A heavyweight knowledge-graph backend on day one. I could have built this on top of a vector store, embedding pipeline, semantic search, the works. The vault is markdown files; filesystem operations + SQLite FTS5 do everything I need to ship and start using the thing much sooner. FTS5 is exact, fast, debuggable, and runs on a stick of butter — perfect for getting off the ground. The shape of the watcher (file change → reindex) means embeddings can slot in later as a parallel index alongside FTS5, not a replacement: a future search_semantic tool, or a mode: "hybrid" parameter that fuses BM25 + dense vectors. Vectors add contextual reach; FTS5 stays exact and audit-friendly. It's a win-win in this case.

A single shared OAuth client. Every client class gets its own OIDC provider in Authentik. Same audience claim, different client_id/client_secret. That way I can revoke ChatGPT without affecting n8n; cross-client token replay fails because subjects don't match. It's more provisioning work for a much cleaner blast radius.
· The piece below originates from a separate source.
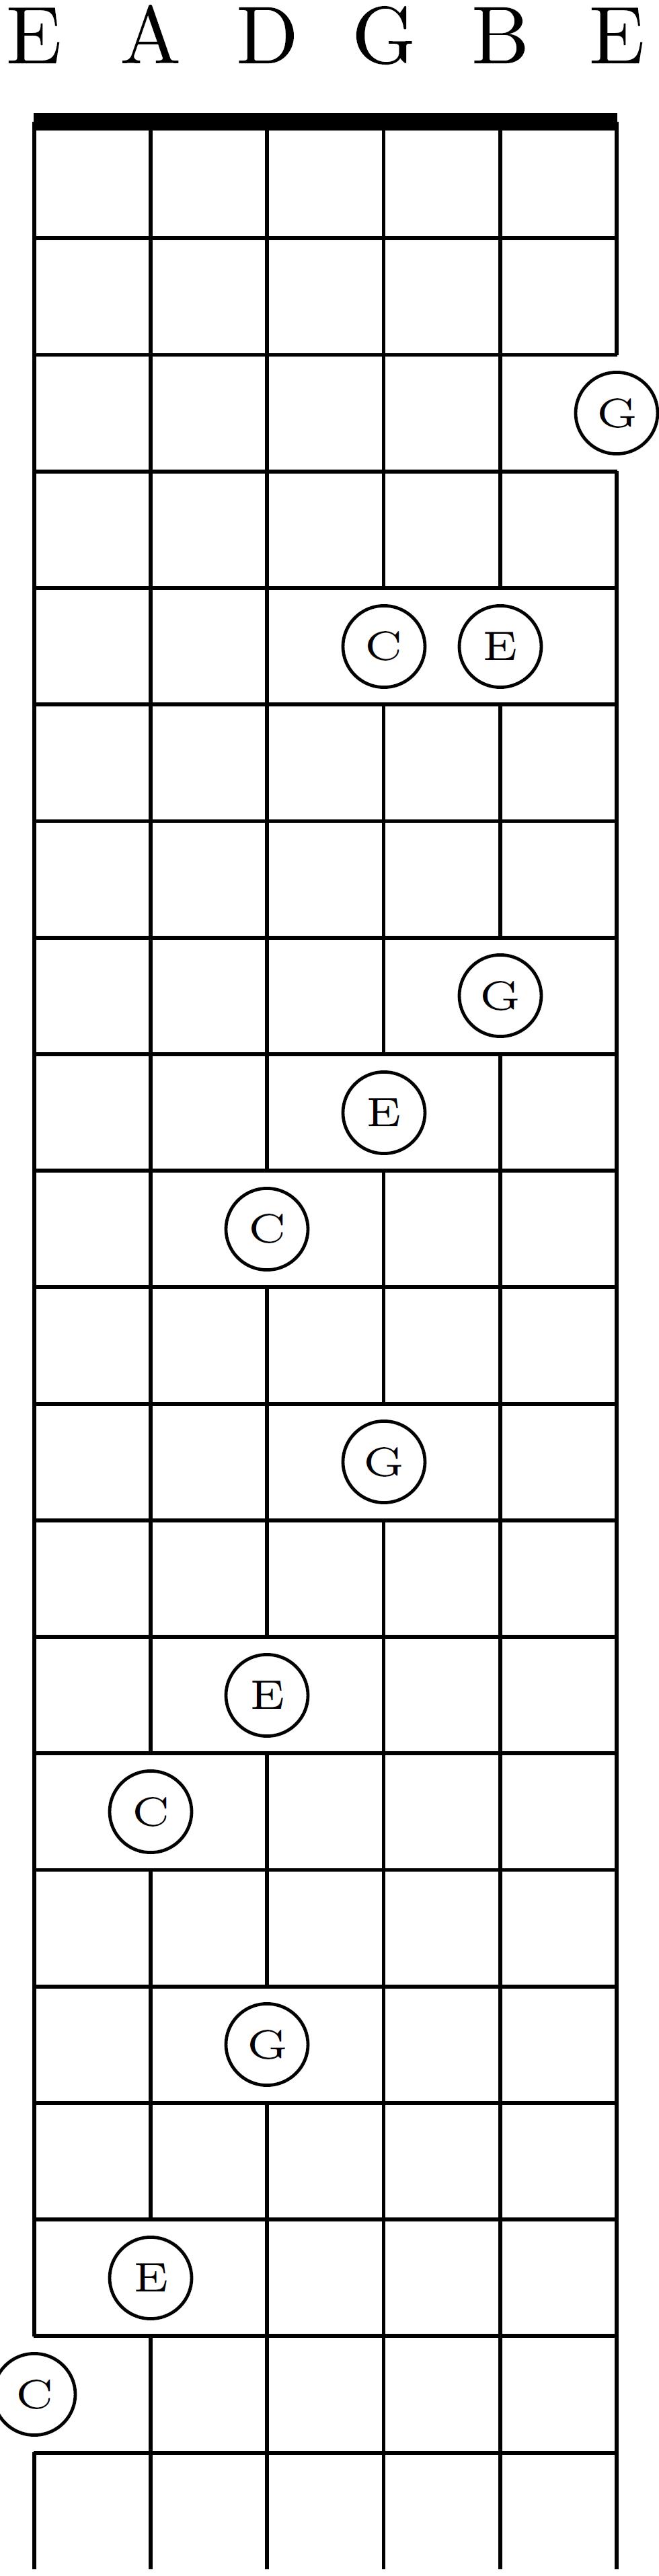 B Minor Guitar Chord Standard Tuning ecards makerarne duncan

Putting it all in one repo with the vault. The vault is its own thing — synced to my devices, backed up separately, owned by me. The MCP server runs in a homelab LXC, configured by my Terraform + Ansible workflow that runs the rest of my cluster. Schema lives with the vault that it describes and defines. Server and cloud provisioning lives in infrastructure as code. Clean separation of concerns.

Why this matters

The larger point is not that every note system needs an MCP server. It’s that personal knowledge systems are becoming operational infrastructure. If AI clients are going to help with real work, they need access to durable context, clear permissions, safe write paths, and a way to leave behind artifacts that humans can inspect later.

So what's next?

The plan is to execute this work in multiple phases. So far, the plan is as follows:

  1. Establish the technical foundation and infrastructure layers — Terraform providers and provisioning, LXCs, standing up vault sync, idempotent Ansible roles, and an observability harness to plug into as we go.
  2. The MCP Server — where the system starts to become useful. Creating the binary, establishing the OAuth resource server, FTS5 indexing, and file watcher.
  3. LYT-aware tools + schema management — enabling taxonomy knowledge, and Obsidian workflow integration.
  4. OCR pipeline — reMarkable → OCR → vault.
  5. Client integration & polish — start connecting the clients, observability hooks, runbooks, and kicking the tires in production.

This first post lays the philosophy. The next one is what it actually took to stand up the foundation — and the surprises along the way.